__Given entries__:
*** Block opens ***

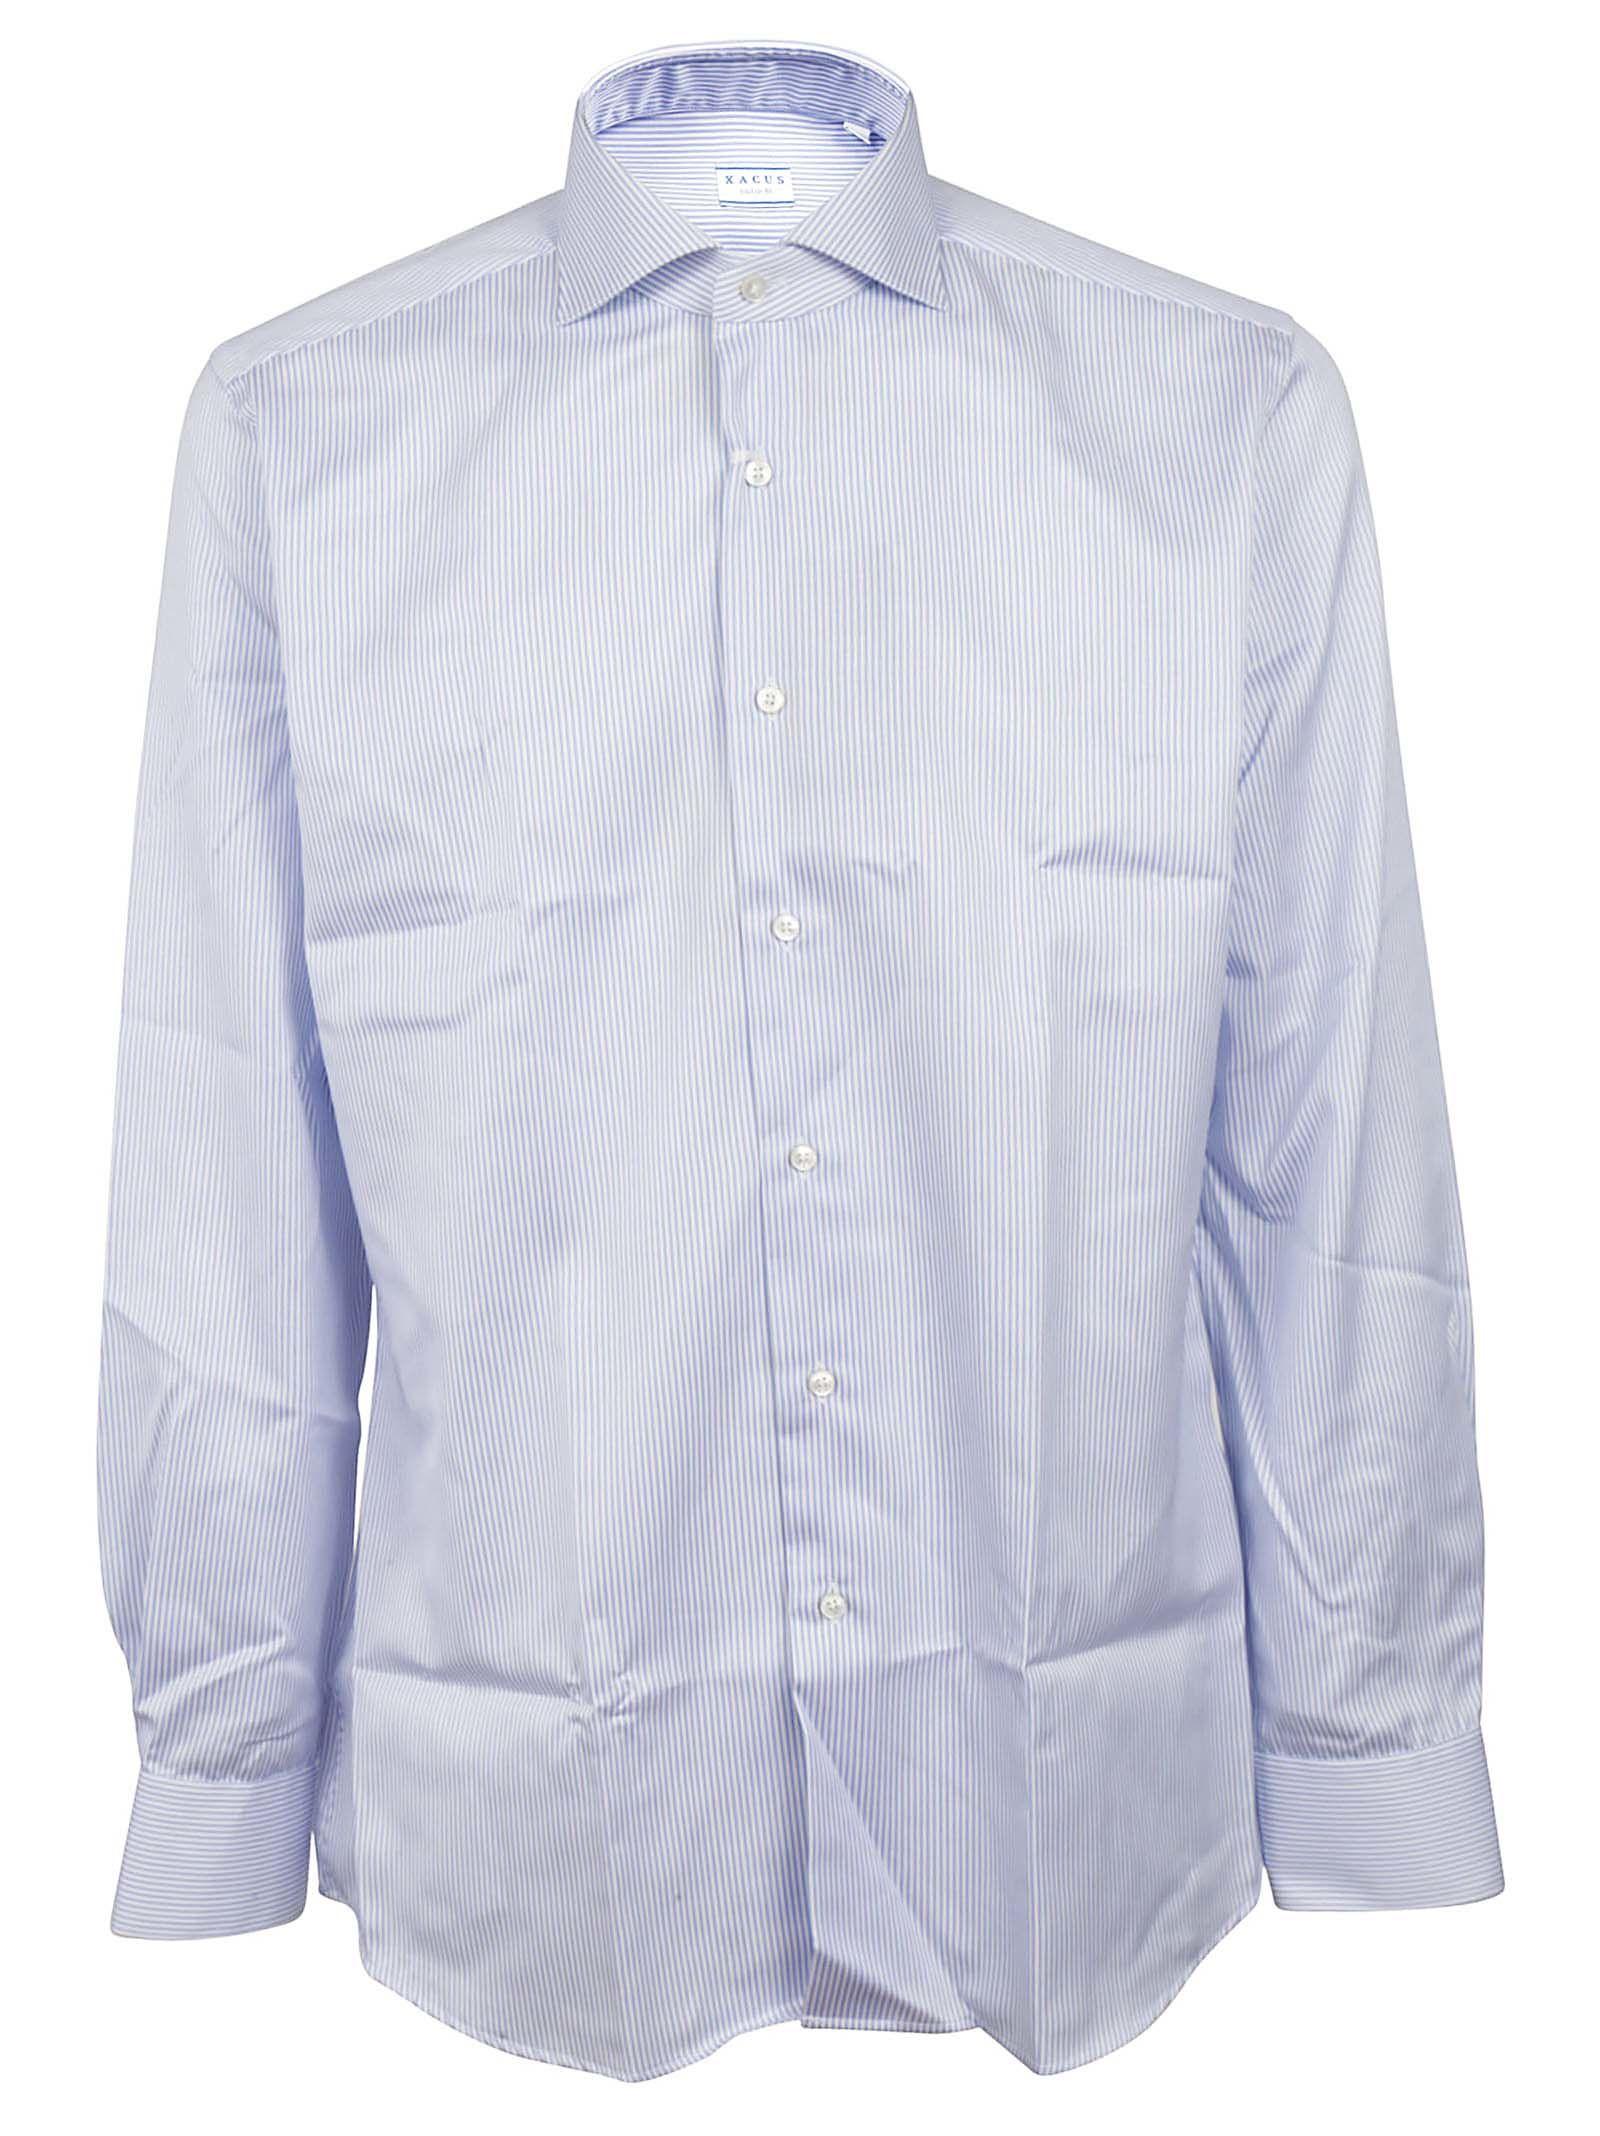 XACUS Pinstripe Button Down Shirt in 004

*** Block closes ***
*** Block opens ***

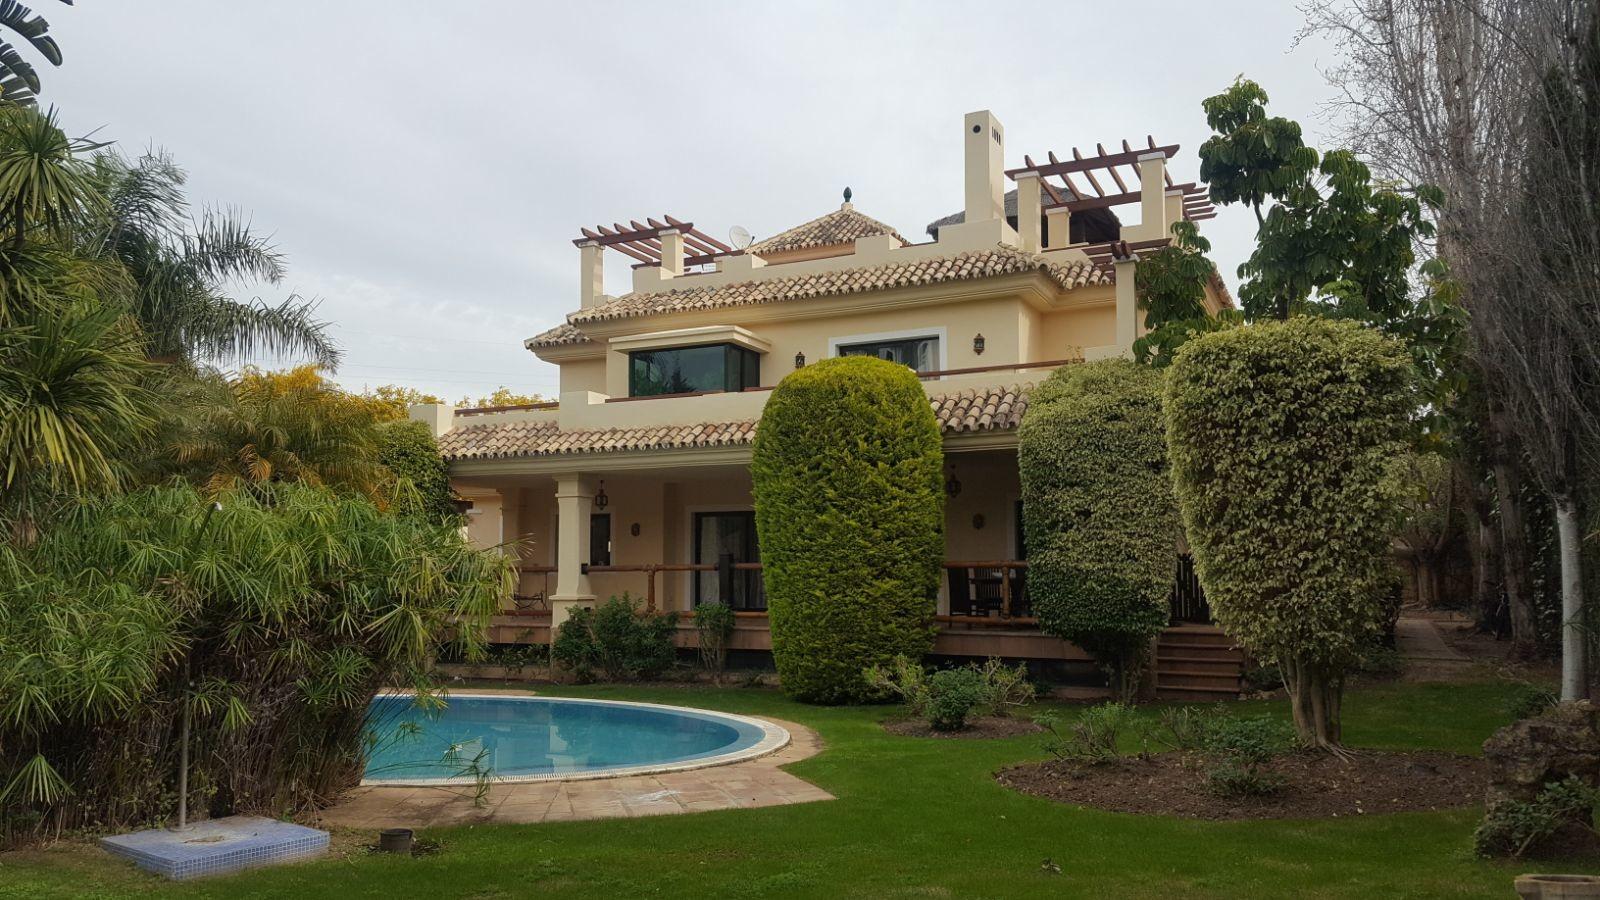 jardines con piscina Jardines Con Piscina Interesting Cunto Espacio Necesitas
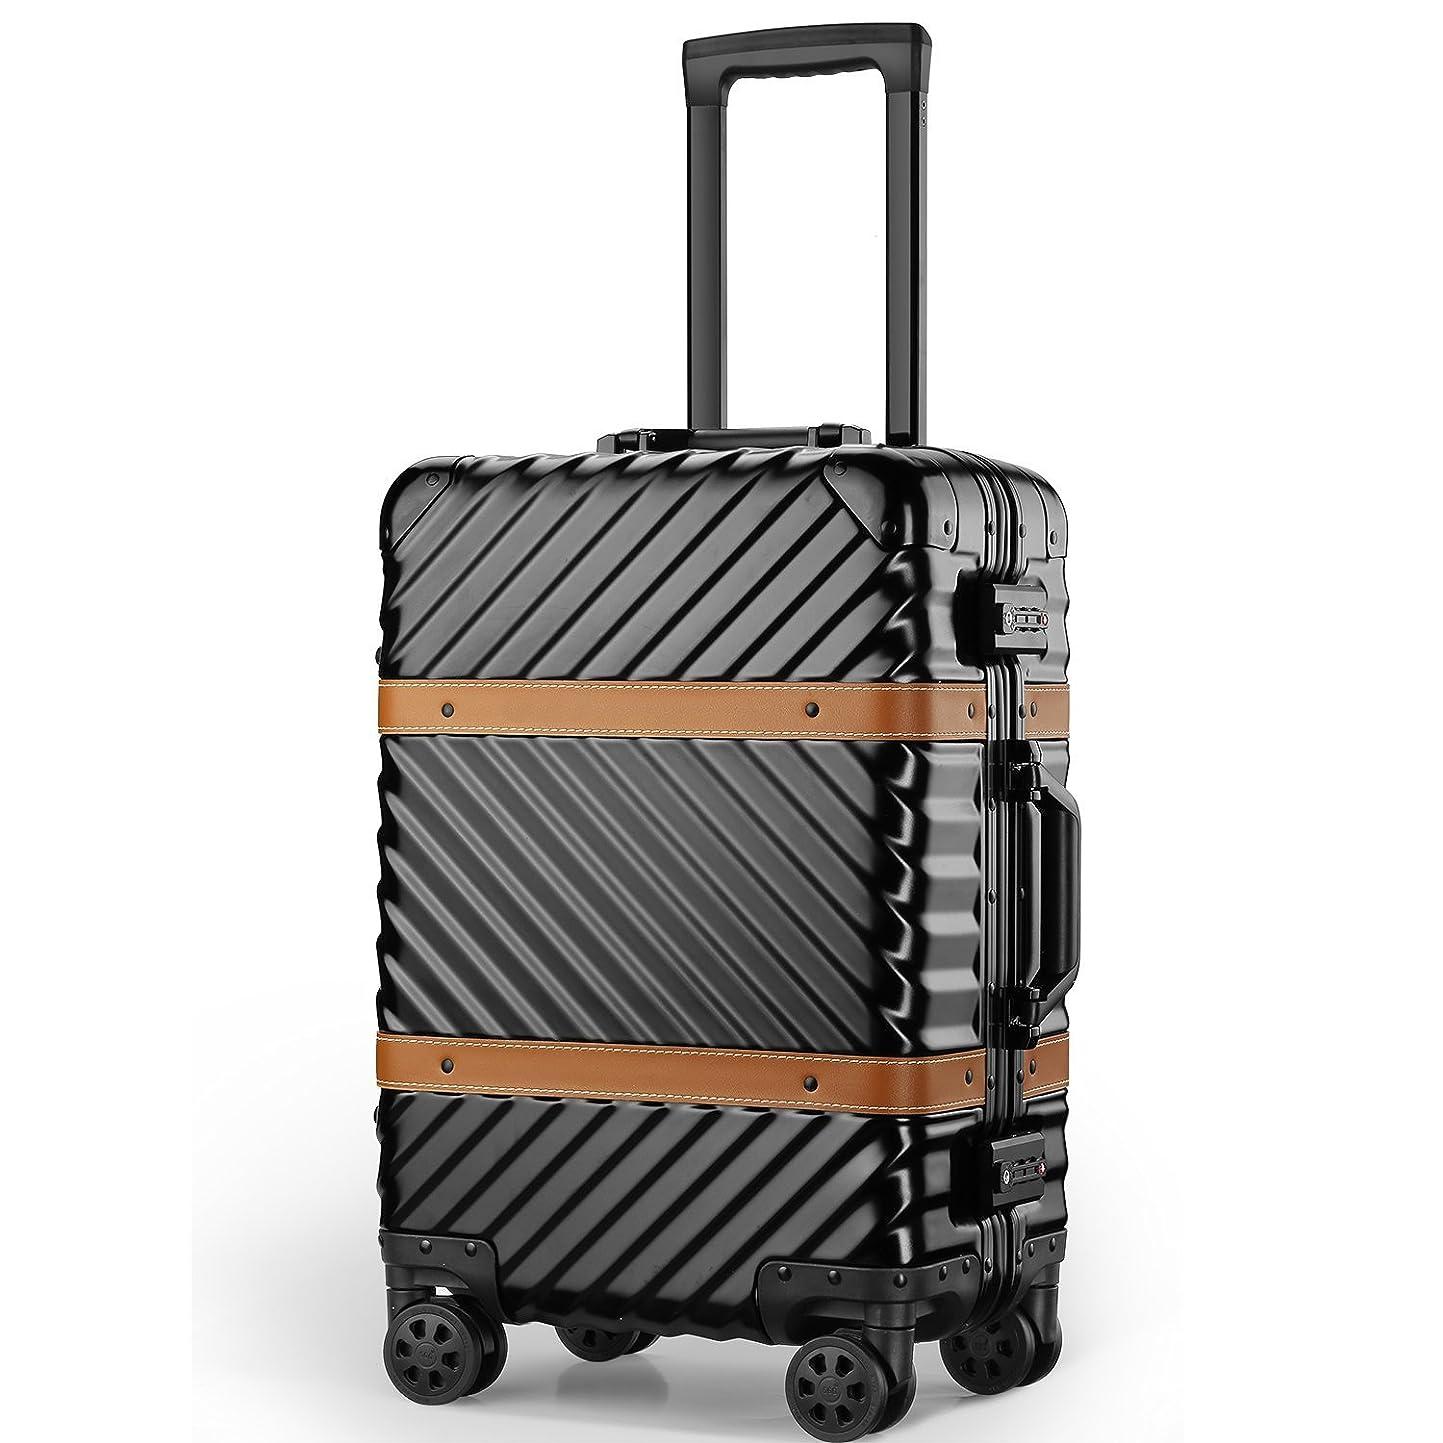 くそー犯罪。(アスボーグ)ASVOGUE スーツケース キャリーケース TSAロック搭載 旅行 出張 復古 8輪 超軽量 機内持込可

*** Block closes ***
*** Block opens ***

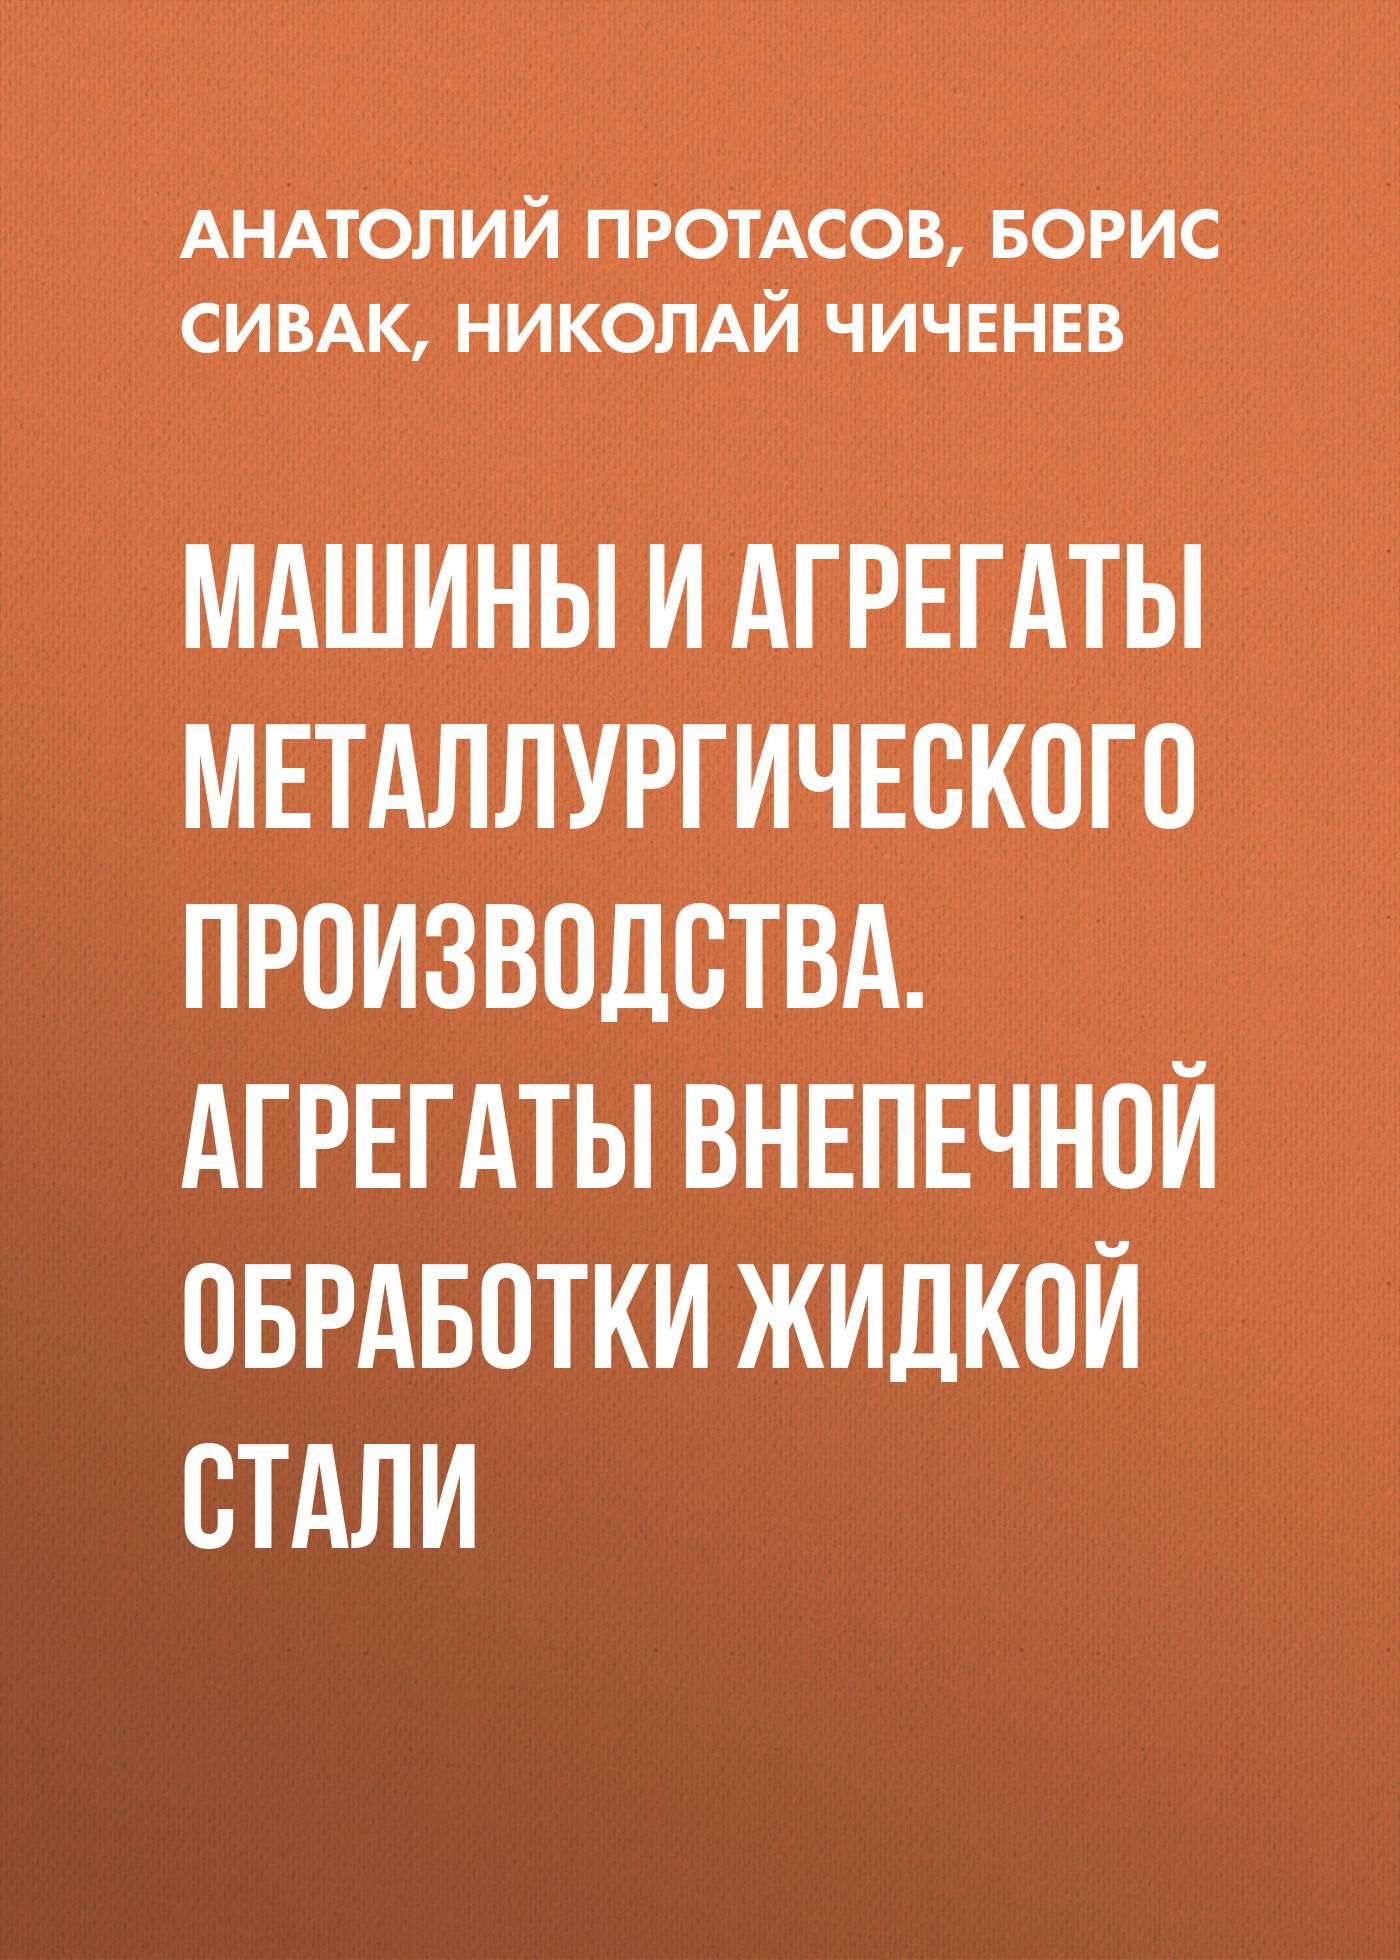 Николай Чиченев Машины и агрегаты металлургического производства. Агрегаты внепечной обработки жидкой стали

*** Block closes ***

__Brief__:
Without the pictures, give again exactly the lines above starting at the line containing "jardines con piscina Jardines" and ending at the line containing "くそー犯罪。(アスボーグ)ASVOGUE スーツケース キャリーケース".

__Output below__:
 jardines con piscina Jardines Con Piscina Interesting Cunto Espacio Necesitas
 くそー犯罪。(アスボーグ)ASVOGUE スーツケース キャリーケース TSAロック搭載 旅行 出張 復古 8輪 超軽量 機内持込可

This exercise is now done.